As we look at the rest of the org and various projects within it, and as the total ecosystem expands, we’re seeing a divergence in technical compatibility represented by a growing requirement of additional middle-ware that needs development. An example of this is the “chat” abstraction/optimization on top of Waku, to be consumed by Status for their more constrained needs. This work represents “a new bubble” in between projects we already have, and the subject of “who owns this work” has been a point of contention for quite some time along with the question, “what is it called?”.
Here are a few more examples of organizational difficulties around this topic:
- Technical alignment and coordination of Nescience (zkVM team within Vac) and Nomos
- Nomos exploring the creation a mixnet on top of
libp2p
as opposed to relying on Waku protocols for network-level privacy - More generally, no Logos Collective infrastructure project (and Nimbus) using Waku for message passing
- Codex recreating an
ethers.nim
interface to blockchains instead of using what’s been built by Status Desktop
It’s clear that we want applications to use these foundational infrastructure projects to serve users, but it isn’t clear how well the individual projects work with each other and how much room should be left in between them for “glue projects.”
If we are leaning towards an “early” ecosystem viewpoint, then a project that is attempting to live on the bleeding edge of their respective market should work to stay there and remain competitive, which means potentially making optimizations that move away from cross-project compatibility.
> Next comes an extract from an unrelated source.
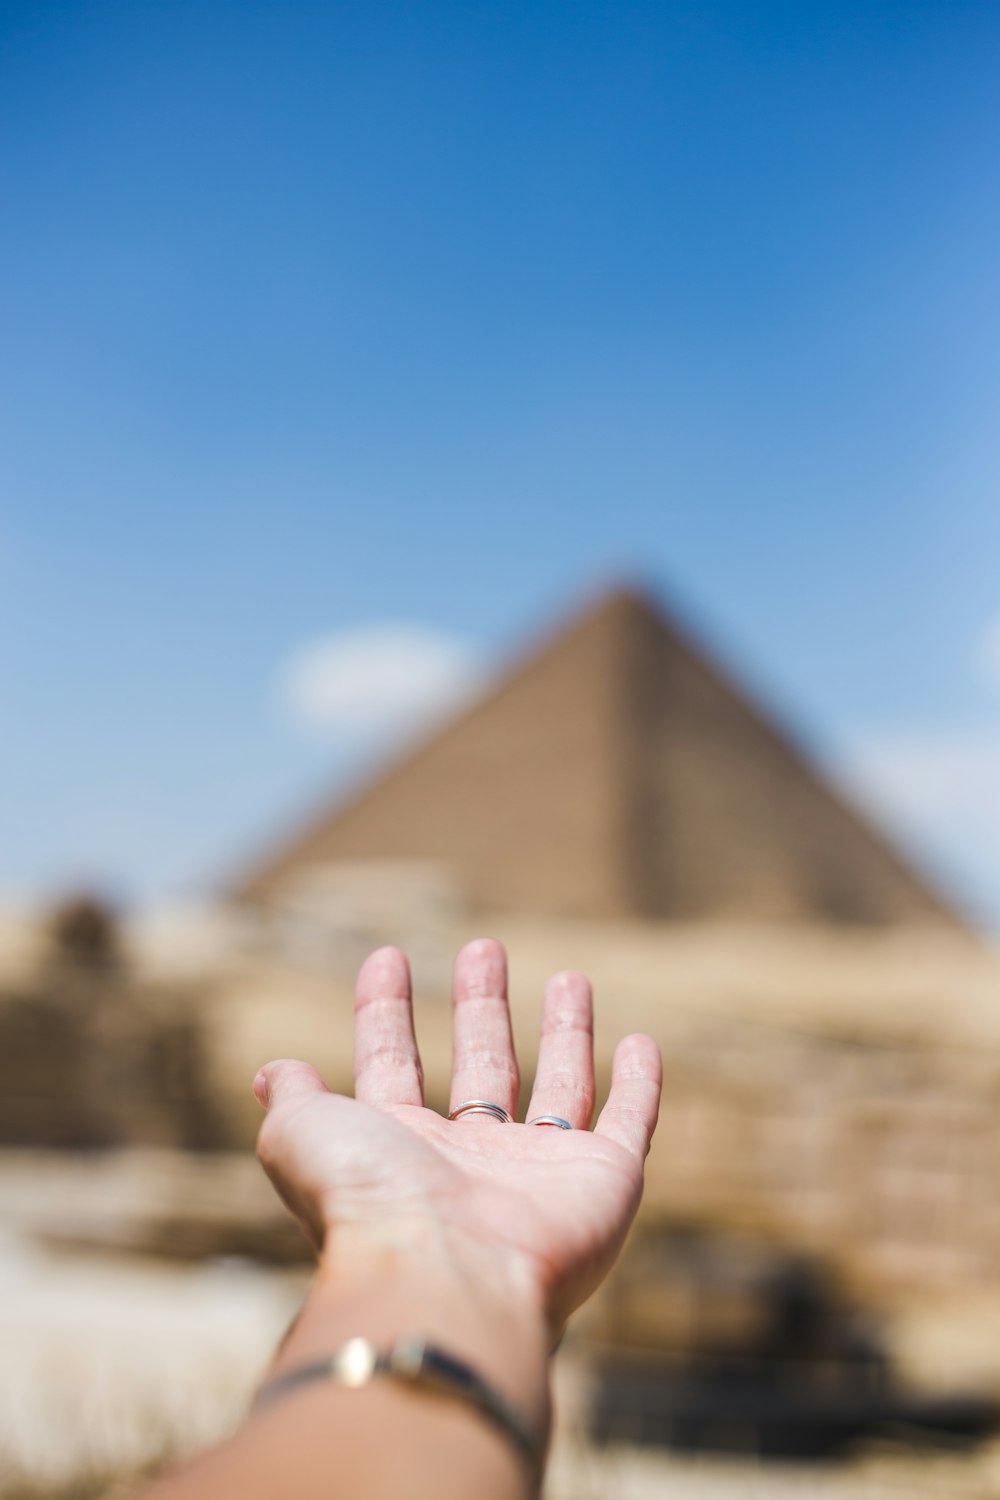 a person's hand reaching out towards a pyramid

That being said, when these things happen, it should have an explicit technical justification for such a move. This allows the in-between glue that will eventually be needed for cross-project integration to be better understood and planned for. These justifications, as far as I’m aware, don’t exist or are not easily identified if the question is brought up.
Another factor to take into account is that the further generalized a project becomes, the less immediately useful it is in an optimized instantiation, thus the further away it moves from the integration into a specific project that may require optimization for a niche purpose. In other words, a more generalized project makes the bubble it takes up in the ecosystem larger as it has more potential use cases, but it also increases all of the distances between itself and any optimized use-case, thereby requiring additional development or, worse, outright incompatibility.
If the approach is decidedly “Big/Early”, it seems reasonable to assume that foundational projects may not be directly compatible with each other over the long-term because of the choice to remain competitive and useful within their own domains. We need to be ok with their needing to be glue between them, and whether or not we also develop that glue is a question that remains to be answered and will probably be a case-by-base basis.
Other factors not considered here but are clearly important
This is already a long post and I’ve missed some probably very key points to this decision and alignment. To name a few:
- Individual business cases vs Logos mission
- Financial allocations
- Investment portfolio strategy
But it should serve a good starting point and language to continue the conversation. Please discuss: Tell me what I’ve gotten wrong, your opinion of how we should work and grow together, what I’ve missed, additional pros/cons, etc.